Setting up your own business should be an exciting process. You’ve read our guide on the key do’s and don’ts, you’ve thought about your stock, as well as where you’re going to sell and how to manage yourself and your time.

However, you may still feel a little daunted about the accounting side of things, especially if you have very little financial experience. With this in mind, here are five steps to getting your startup on track:

Find a reputable accountant

While you may be looking to save costs, a good accountant isn’t something to scrimp on. You need a knowledgeable person or company who can assist you with your day to day bookkeeping to ensure you get everything right when it comes to tax obligations and payroll should you start to employ people.

Set up a separate bank account

Every business should look into setting up a separate bank account – if yours is registered as a corporation or LLC this is actually a legal requirement. A business account keeps all work transactions separate to personal ones – making it easier when it comes to tax season. You could also look into setting up a separate savings account to pay your self-employed wages into.

Look into software that syncs together

Software that works together is the best choice as it ensures you never miss a thing. When your POS system links to your accounting software and your inventory management then you’ll be able to instantly spot trends and keep on top of payments.

Learn how to keep track of expenses

No one wants to sift through jumbled receipts once it’s time to work out what is a deductible expense and what could be considered taxable when completing your tax return. It’s something you should get into the habit of doing – so that every penny spent for your business is accounted for.

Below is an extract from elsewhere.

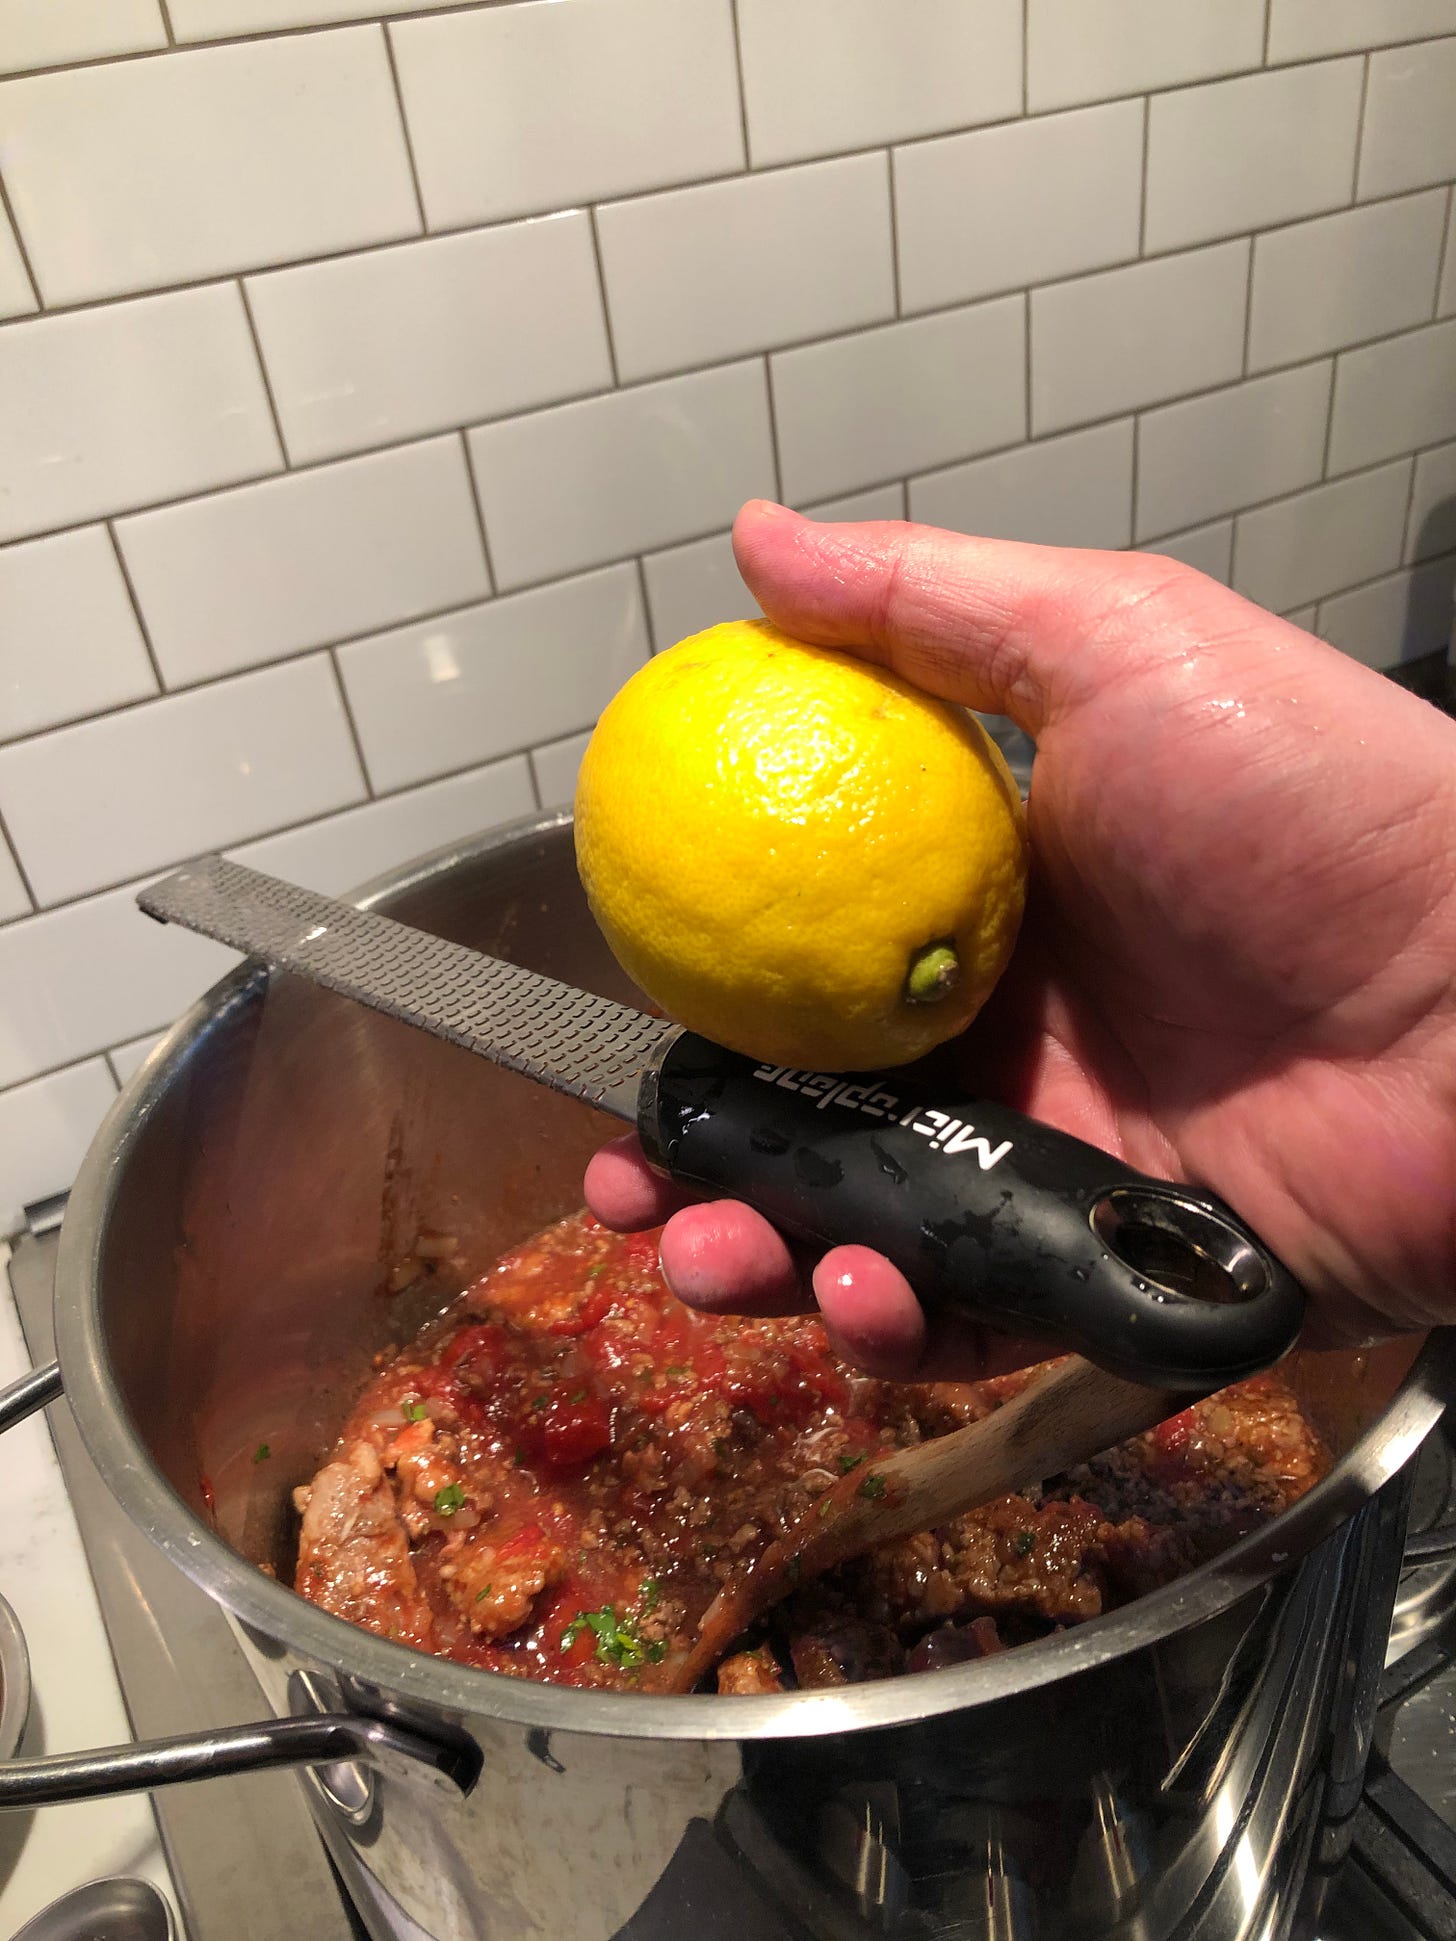 A hand holding a lemon and a Microplane grater over the pot of sauce

It may be tempting to keep a paper trail – in something such as a classic filofax – but with everything going digital it’s worth looking into a service such as Shoeboxed – which automatically turns receipts into data.

Chase your invoices

It’s vital that you get the money you are owed. After all, until an invoice is paid you’re not getting any benefit from work you carry out or products you have delivered. Delays on invoices can severely hamper your cash flow – especially when you’re first starting out – and cause you to run into problems. Make sure the terms of repayment are clear to your clients and that you have a robust system in place to chase payment for the money you are owed.

Ready to tackle the accounting side of your business? Ensure these five steps are in place and reap the rewards of working for yourself.